Re: ASCII Gridded XYZ and "Hectare Raster" data (STATPOP and STATENT)

Stefan Keller
Even,

As said my point input data already has regular, constant spaces,
namely 100 meters in X and Y, with e.g. extent (2661900, 1253800) -
(2668400, 1261300), map units are meters (SRS EPSG:2056).

I managed to convert my data using following gdal_grid command
> gdal_grid -ot UInt16 -of GTiff -zfield "C1" in.gpkg out.tif

Now I still have an issue with the output pixel size which was
27.41341571800429122,-27.41341571800429122 meters
But what I want is a pixel size with exactly same spacing as input
points, namely 100,-100 (meters).
I know there's the gdal_grid options -txe/-tye/-outsize, but I'd like
to avoid calculating these by hand.
In addition IMHO there's no need interpolation at all (or nearest
neighbor at most), since input point is already in place, ready for
output.

Is there a solution for just setting output pixel size in map units
(or am I missing something)?

:Stefan

Am So., 21. Apr. 2019 um 14:48 Uhr schrieb Stefan Keller <[hidden email]>:

>
> Hi Even
>
> Thx very much!
> I'll try that way and will report.
>
> :Stefan
>
> Am So., 21. Apr. 2019 um 11:31 Uhr schrieb Even Rouault
> <[hidden email]>:
> >
> > Stefan,
> >
> > >
> > > The Swiss Statistical Office curates well-known datasets informally
> > > called "Hectare Raster" (STATPOP and STATENT) which obviously are
> > > ASCII Gridded XYZ, like this:
> > >
> > > "RELI" "X" "Y" "C1" "C2" "C3"
> > > 66192542 661900 254200 1 2 3 ...
> > > 66192543 661900 254300 1 2 3 ...
> > > 66192599 661900 259900 1 2 3 ...
> > > 66192600 661900 260000 1 2 3 ...
> > > ...
> > >
> > > This obviously is a regular gridded X and Y, sorted by X,Y but
> > > obviously also has gaps and more than one  "Z" (C1, C2, C3).

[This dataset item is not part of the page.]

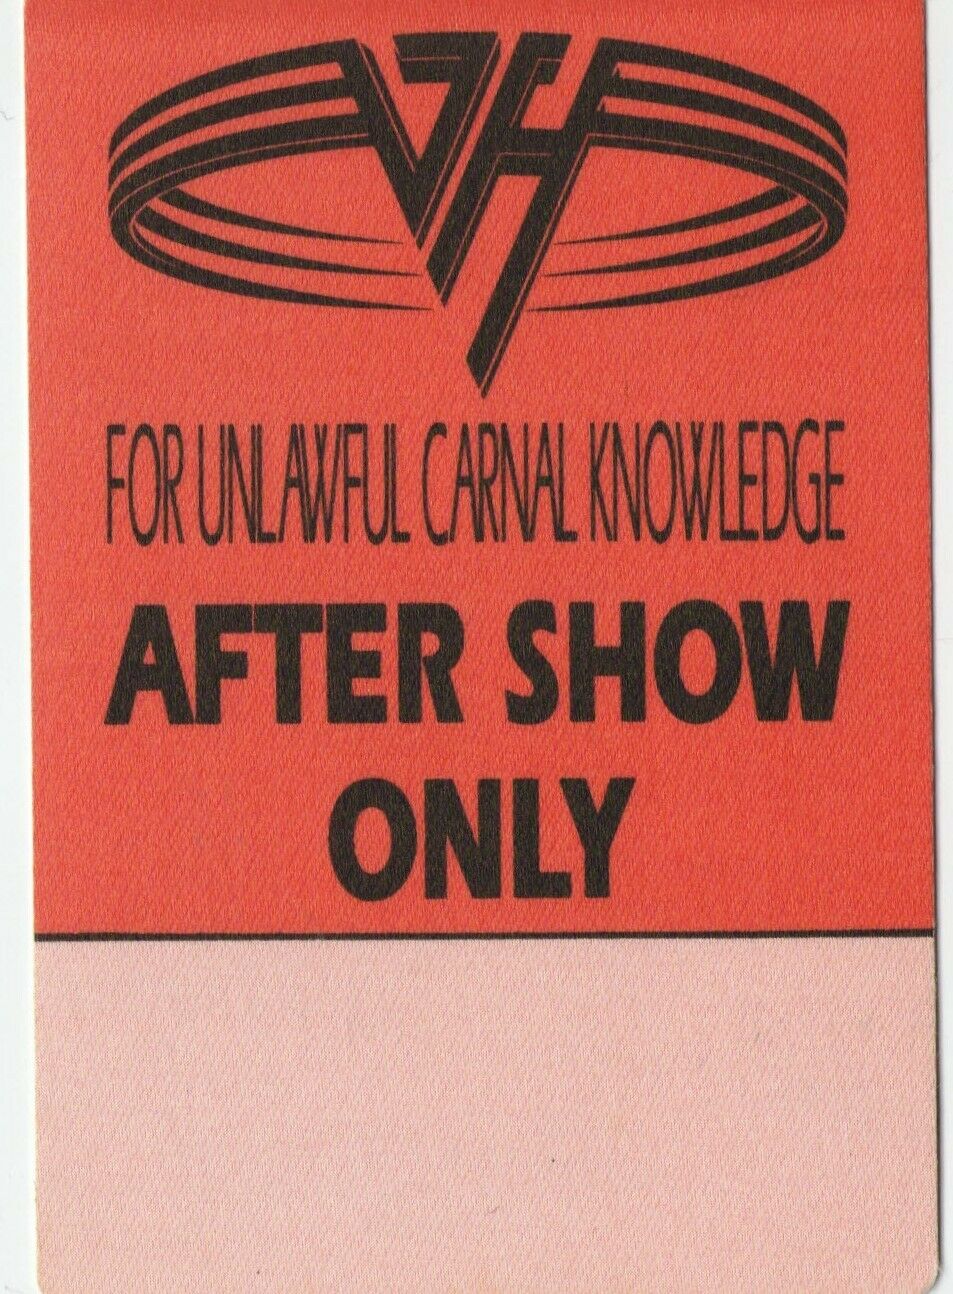 Van Halen Backstage Pass Unlawful Carnal Knowledge Tour

Typically
> > > this is converted to a raster format like GeoTIFF and analysed through
> > > map algebra.
> > >
> > > Question 1: The GDAL docs (https://www.gdal.org/frmt_xyz.html ) says
> > > "...no missing value is supported.". In fact, I think it supports them
> > > by omitting lines by setting missing "lines" to NODATA.
> > > => Correct?
> >
> > The driver is quite picky. I don't think it will support missing values in the
> > middle of a line of same Y value. It supports missing values at the beginning
> > or end of a line of same Y value. And points must be sorted by increasing or
> > decreasing Y, and increasing X value for a line of same Y value.
> >
> > >
> > > Question 2: I think, there is a way (which could be mentioned in the
> > > docs above), to determine the "Z" value to be converted by gdal_grid
> > > explained in "Reading comma separated values"
> > > (https://www.gdal.org/gdal_grid.html#gdal_grid_csv ).
> > > So XYZ in fact is XYZx meaning that potentially there can be many "Z"
> > > in the input file, but only one can be included.
> > > => What do you think?
> >
> > The best way might probably to read the file with the CSV driver indeed. With
> > CSV:the_filename if the_filename has not a .csv extension
> > Convert it to something with a spatial index like a shapefile or GPKG if the
> > file is big
> > And then use gdal_grid to create a raster from it.
> >
> > >
> > > Question 3 (the fundamental one): Although XYZ format requires to
> > > contain regular gridded coordinates, it's technically handled the same
> > > as irregular coordinates (without interpolation) - at least regarding
> > > the main task to convert an sparse array of values to a raster format.
> > > => Correct?
> >
> > The XYZ driver requires constant spacing.
> >
> > Even
> >
> > --
> > Spatialys - Geospatial professional services
> > http://www.spatialys.com
_______________________________________________
gdal-dev mailing list
[hidden email]
https://lists.osgeo.org/mailman/listinfo/gdal-dev
Reply | Threaded
Open this post in threaded view
|

Re: ASCII Gridded XYZ and "Hectare Raster" data (STATPOP and STATENT)

Stefan Keller
Hi,

Am 22. Apr. 2019 23:49 wrote regarding gdal_grid:
> Is there a solution for just setting output pixel size in map units

By guessing the "-outsize 65 75" (no. of X and Y lines) I finally got
a result which contained a pixel size of 100, -100 meters plus
sensible values:

# gdal_grid -ot UInt16 -of GTiff -zfield "C3" -a
nearest:radius1=71:radius2=71 -outsize 65 75 in.gpkg out.tif

=> But, I'm still looking for a hint to set pixel sizes without
guessing or calculating the "outsize" from the extents of the input
file.

Then, I observed another problem: One obviously has no choice in
gdal_grid than to choose an interpolation method. As one can see from
the command above, I've chosen "nearest neighbour" as interpolation
method (option "-a nearest:radius1=71:radius2=71").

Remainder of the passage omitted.